Revisi KUHAP hapus aturan batas maksimal vonis MA. Kini, MA bisa jatuhkan hukuman lebih berat dari pengadilan sebelumnya. Ketua MA: Kami hanya pelaksana UU.
Jumat, 11 Juli 2025 - 17:50 WIB
Revisi KUHAP Bolehkan MA Vonis Terdakwa Lebih Berat dari Putusan Pengadilan Sebelumnya, Begini Kata Ketua MA
Sumber :
  • tvOnenews/Syifa Aulia

Jakarta, tvOnenews.com - Ketua Mahkamah Agung (MA) Sunarto menanggapi revisi Kitab Undang-Undang Hukum Acara Pidana (KUHAP) yang menghapus Pasal 293 Ayat 3.

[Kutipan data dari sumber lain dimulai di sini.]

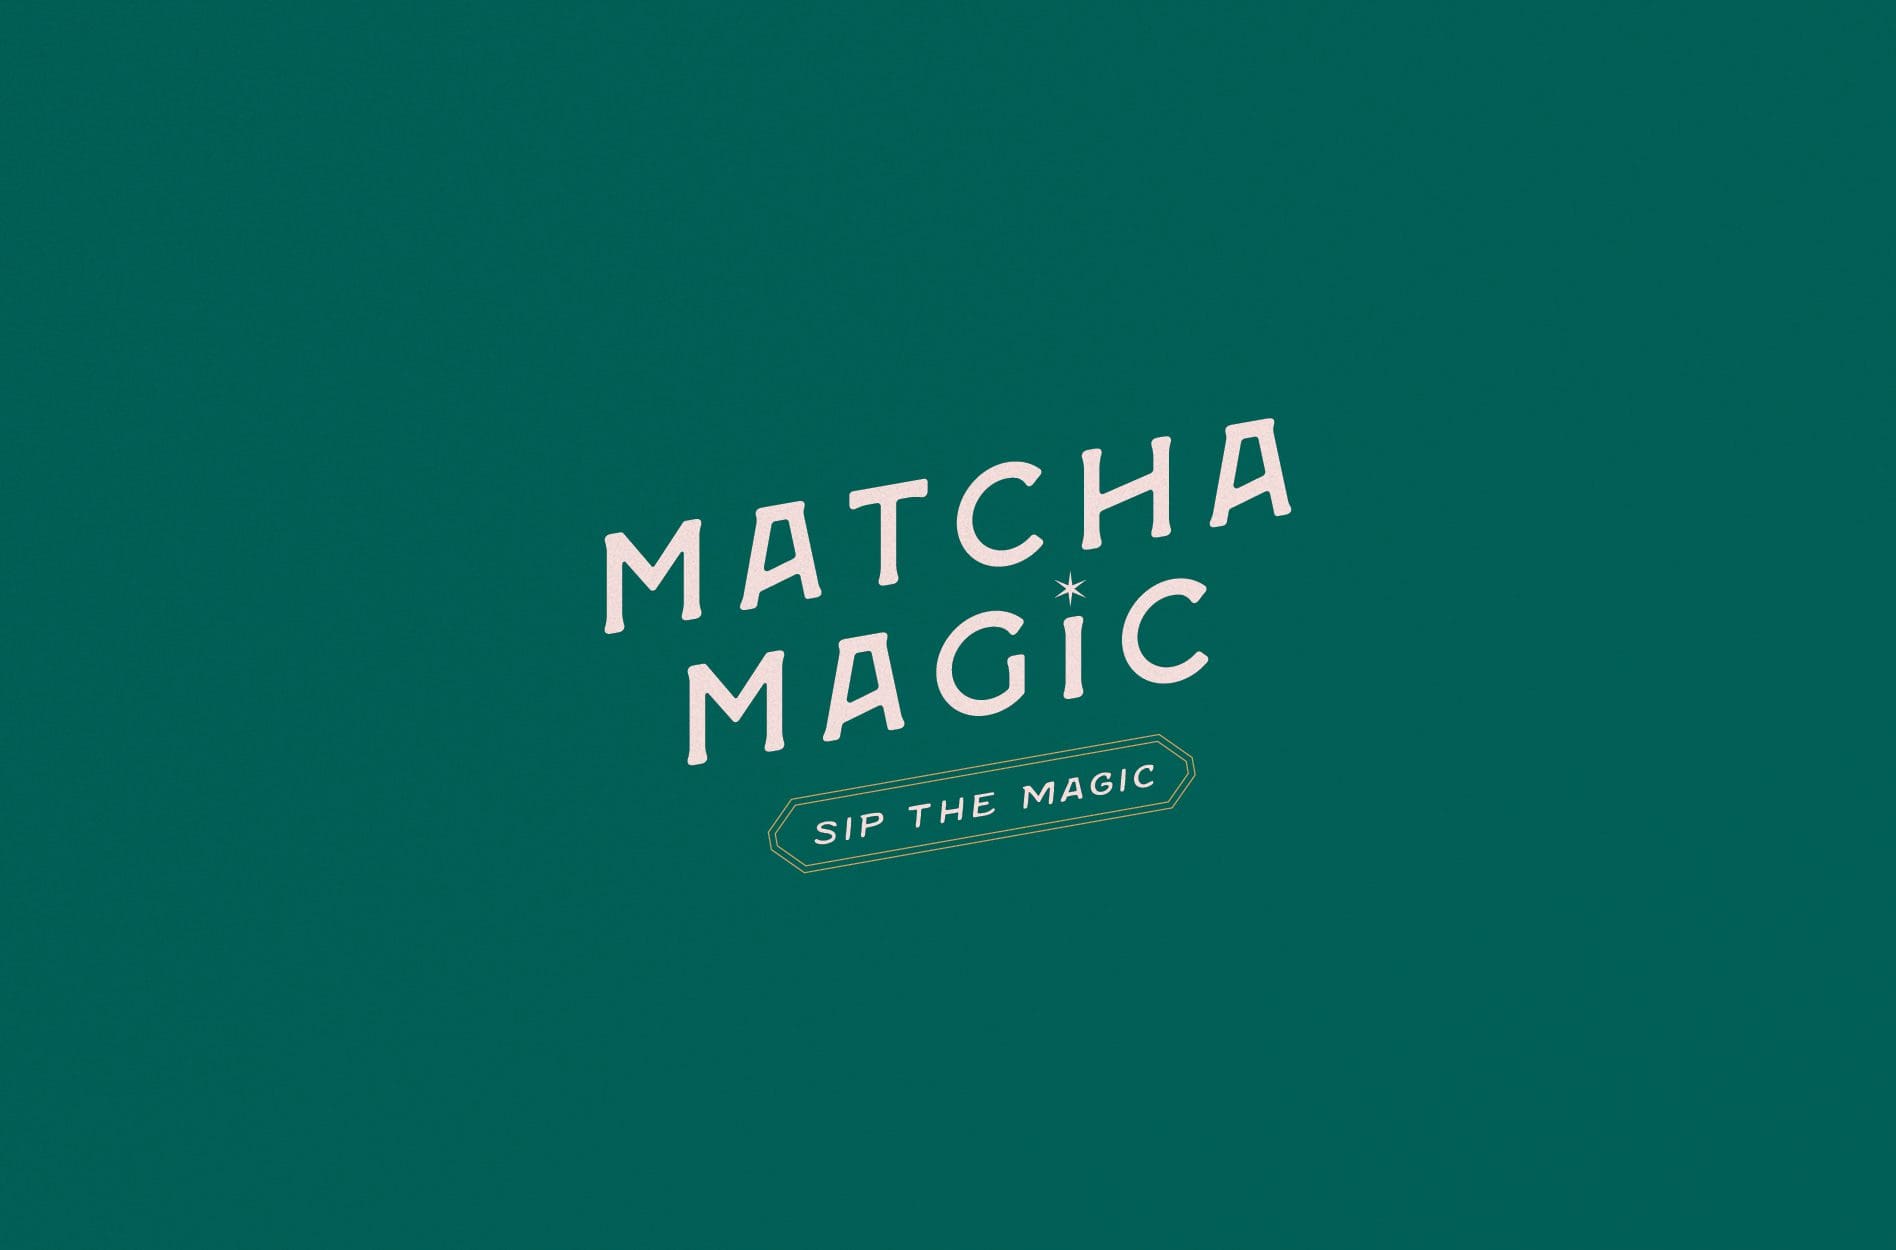 Matcha Magic Cafe - LOGO Design

Sunarto menjelaskan penyusunan rancangan undang-undang, khususnya KUHAP adalah kewenangan DPR sebagai lembaga legislatif. Oleh karena itu, pihaknya akan melaksanakan apapun yang diatur dalam UU.

ADVERTISEMENT

GULIR UNTUK LANJUT BACA

“Mahkamah Agung itu hanya user, pengguna. Jadi akan melaksanakan apa yang tertuang di dalam UU itu,” ujar Sunarto di Gedung MA, Jakarta Pusat, Jumat (11/7/2025).

Di sisi lain, dalam proses pembahasannya, MA juga diminta untuk memberikan pendapat soal RUU KUHAP, dan pihaknya telah menyerahkan Daftar Inventarisasi Masalah (DIM) RUU KUHAP.

“Nanti itu kewenangan mutlak, kewenangan absolut dari lembaga legislatif. Mahkamah Agung enggak boleh, kami ini hanya user, pengguna undang-undang, bukan pembuat undang-undang,” jelas Sunarto.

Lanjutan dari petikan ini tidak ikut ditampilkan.